КАТОЛИЧЕСКИЕ КОРОЛИ И ИТАЛЬЯНСКАЯ АВАНТЮРА 16 страница



Думая о войне с Турцией, начавшейся столь блестяще, и негодуя на унизительную задержку, венецианцы вновь обратили взоры к своему дожу, надеясь, что он примет на себя активное руководство военными действиями. Морозини, которому исполнилось уже 74 года, так и не восстановил здоровье. Тем не менее, когда его пригласили вновь приступить к исполнению обязанностей командующего, он не колебался. Его отплытие из Венеции, обставленное весьма торжественно, произошло 25 мая 1693 г., однако последняя кампания обернулась цепью неудач; результаты ее произвели унылое впечатление. Турки воспользовались передышкой и в ходе зимы и весны укрепили защитные сооружения Эвбеи и Канеи на Крите. Встречные ветры не позволили Морозини предпринять новую попытку пройти Дарданеллы. Он усилил гарнизон в Коринфе и в одном из двух укрепленных пунктов на Пелопоннесе, а также преследовал нескольких алжирских пиратов; наконец — чтобы не возвращаться совсем уж с пустыми руками — занял Саламин, Гидру и Спеце, прежде чем встать на зимовку близ Навплии. К этому моменту стало ясно, что напряжение не прошло для него даром. В течение всего декабря он находился в постоянной агонии, вызванной камнями в желчном пузыре, и 6 января 1694 г. скончался. Никогда более — до самой кончины республики — венецианскому дожу не доводилось лично отправляться на войну.

 

Остается рассказать лишь одну небольшую главу из трагической истории о том, как Венеция попыталась вернуть себе контроль над Средиземноморьем. В 1686 г. в качестве одной из четырех возможных целей Франческо Морозини и граф Кенигсмарк рассматривали остров Хиос. Его выгодно отличало то, что подавляющее большинство населения составляли христиане, как католики, так и православные, причем у тех и у других был свой епископ; турецкий гарнизон, по оценкам союзников, насчитывал самое большее около 2000 человек. Антонио Дзен, венецианский капитан-генерал, высадившийся на острове 7 сентября 1694 г., с 9000 бойцов не ожидал каких-либо трудностей.

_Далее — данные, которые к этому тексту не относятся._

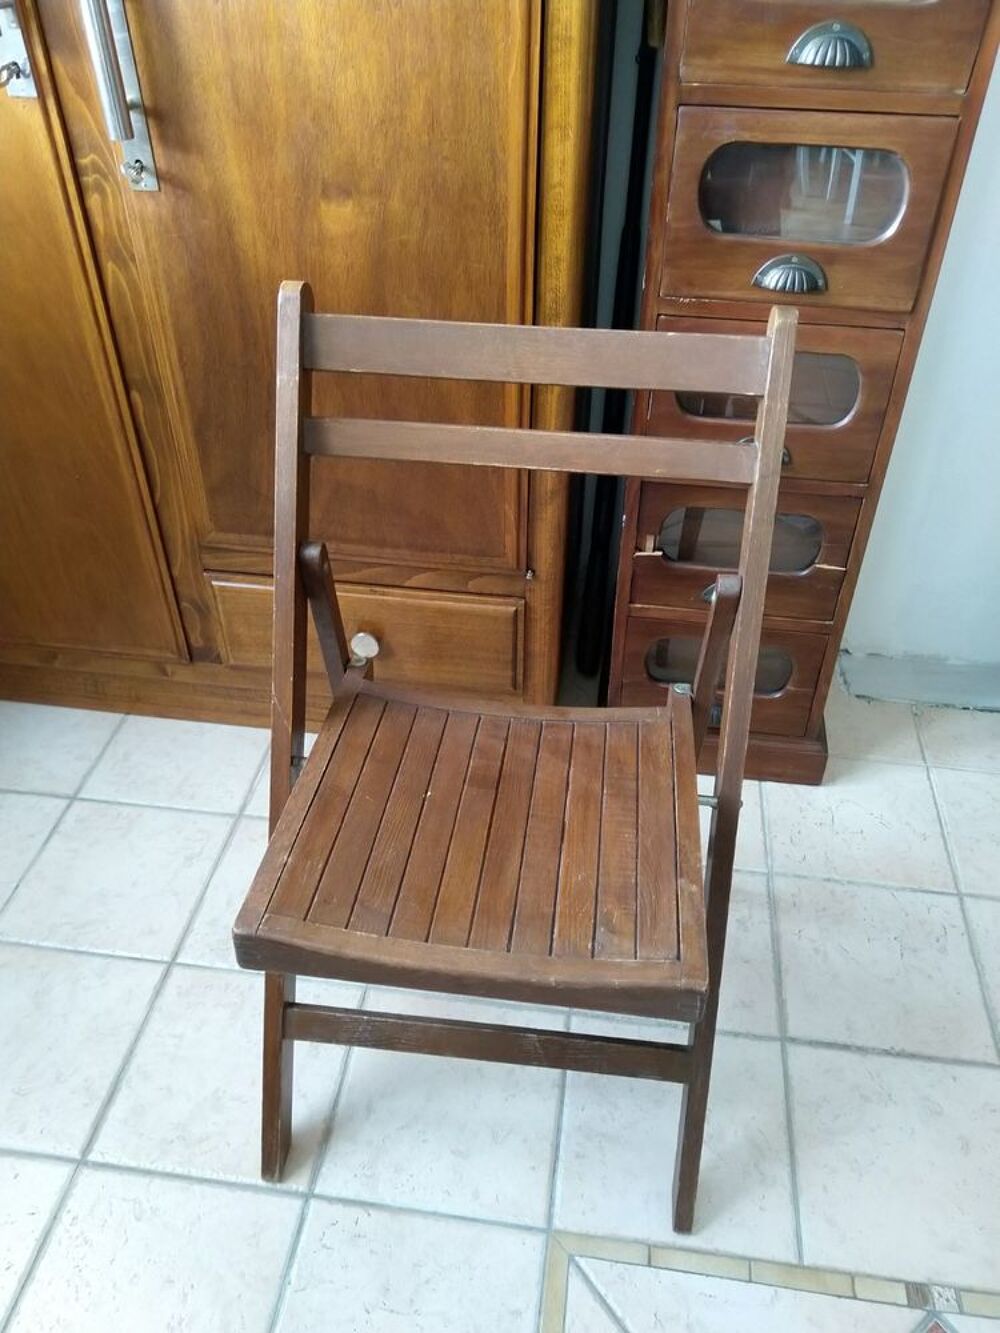 Chaise en bois pliante
Meubles

В начале он действительно не столкнулся с ними. Тут же начался артиллерийский обстрел; гавань вместе с тремя турецкими судами, которым случилось стоять здесь на якоре, удалось взять без боя, а гарнизон сдался 15 сентября с условием, что ему будет обеспечена возможность безопасно перебраться на континент. Венецианцы ликовали, и настроение улучшилось еще более, когда на Хиос пришло известие о быстром приближении турецкого флота из пятидесяти судов. Последние годы турки делали все возможное, чтобы избежать стычек на море, и капитаны Дзена невысоко ставили их талант мореплавателей, да и их храбрость. К несчастью, как раз в тот момент, когда капитан-генерал собирался выйти из узкого пролива, отделяющего Хиос от континента, ветер стих. В условиях воцарившегося мертвого штиля противостояние стало невозможным, а когда 20 сентября повеял слабый бриз, он спугнул турок — которые, заметив опасность, быстро направились домой и достигли гавани близ Смирны прежде, чем венецианцы смогли их догнать. Дзен, по-прежнему готовый к битве, бросил якорь на рейде напротив гавани. Но едва это случилось, как к нему на борт флагманского корабля явились местные консулы, представители трех европейских держав, не являвшихся членами лиги, — Англии, Франции и Нидерландов, которые умоляли его не подвергать риску жизнь и имущество христиан в городе, напав первым (как сообщают, они подкрепили свои просьбы значительной суммой денег). Зная, что, кроме того, запасы у него на исходе, Дзен согласился и вернулся на Хиос.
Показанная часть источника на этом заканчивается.